Perhaps, there's something that I'm not seeing in the docs, so I apologize in advance.
I've got 16 dwords in scalar registers s16-s31. I need to copy that data from the scalar registers to GDS at the GDS base address + 64 bytes offset. The best way I see so far to do this is to
- mask all lanes but one in the wave with the exec;
- move the data from the scalar to the vector registers;
- issue a bunch of ds_write_bNNN gds instructions;
- re-enable all lanes with the exec.
This sounds cumbersome. Is there a better way to store the data from a bunch of scalar registers to GDS?
I've attached a screenshot of the concept of the code that I have (sorry for blanking out the tiny part that's under the NDA, I promise it doesn't matter for this question). This code may not compile or anything, this is a conceptual explanation of what's going on. For the purposes of limiting and simplifying this question, assume that we only have one wave - wave 0 - going over the entire GPU. If it matters, the platform is ROCm on Linux, and the card is Vega 64.
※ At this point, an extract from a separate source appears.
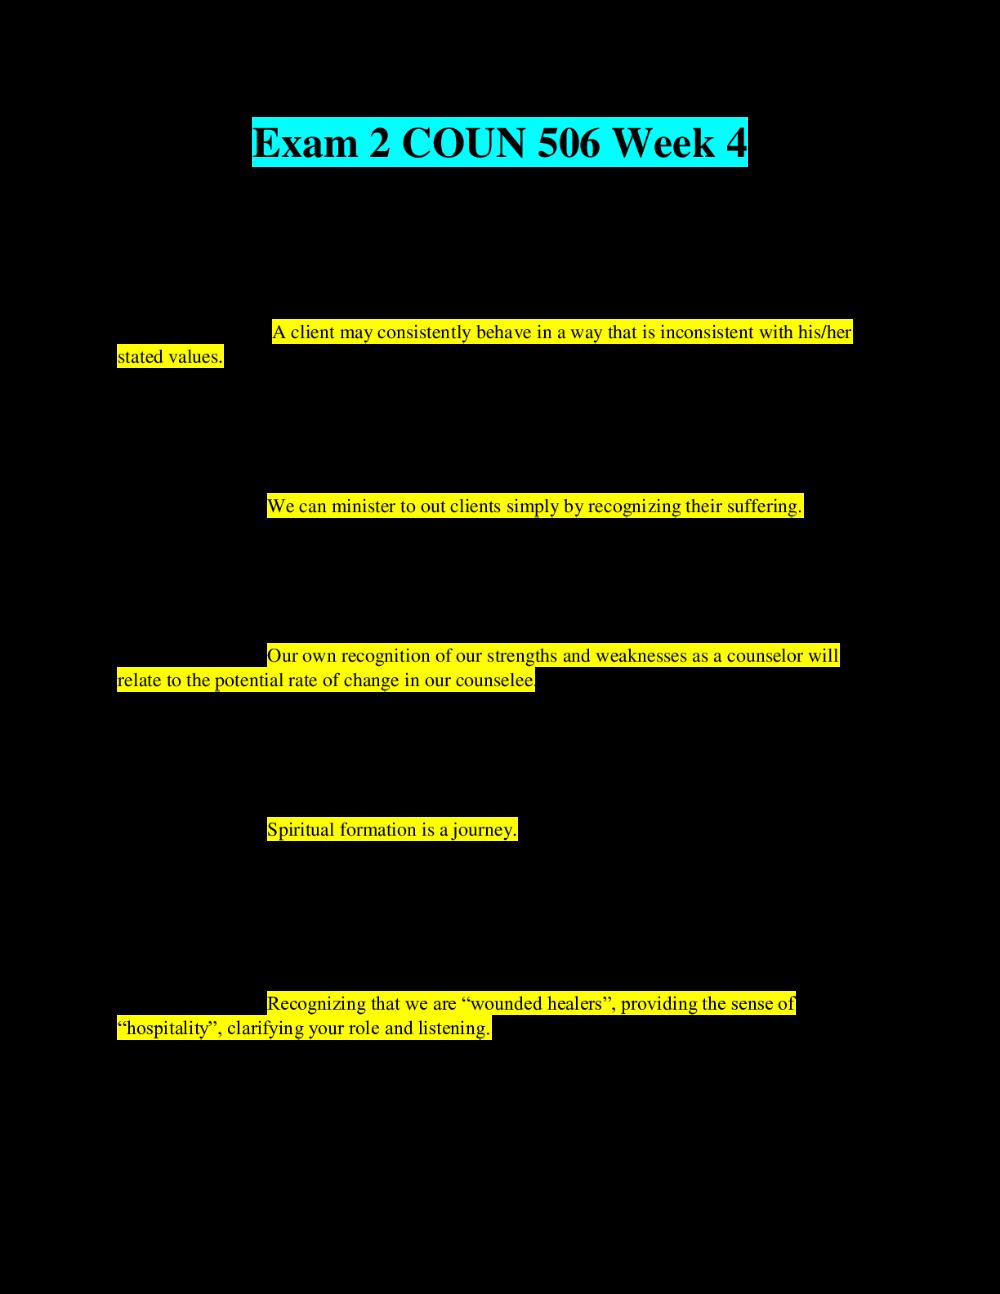 Hsco 506 Exam 2 Liberty University Complete Solution Latest Liberty University Exam Psychology Exam

Surely, there must be a better way to do this, so I must be missing something? What is it? What's the best way of copying the data from scalar registers to GDS?
(Thank you in advance.)
I forwarded your query to the compiler team and here is their reply:
"We have no current plan to support GDS. It’s also worth pointing out that it’s not just a matter of the ISA instructions. Setting up GDS requires runtime involvement and trap handler support and those are not currently planned either. "
Hi, dipak, thank you for your quick reply.
Just to clarify and make sure, they're talking about the OpenCL compiler, and not ROCm assembler, right? (because GDS is working just fine under ROCm at the moment).
Also - just out of curiosity - why would trap handler support be needed for this?
Indeed it is a lot of waste of arithmetic power there.
As you can do a 64byte write into the gds with 1 instruction, the problem can be reduced this:
How to transfer 16 adjacent sregs into the first 16 lanes of a single vreg?
So if you have GCN3, then you can use 4x S_(BUFFER)_STORE_DWORD to write the 16 sregs into the L1 cache, and then you can mask the lower 16 lanes and read it into a vreg, then finally write into GDS.
Because of the required s_waits it will also take a while, but meanwhile you can do some extra overlapped arithmetics.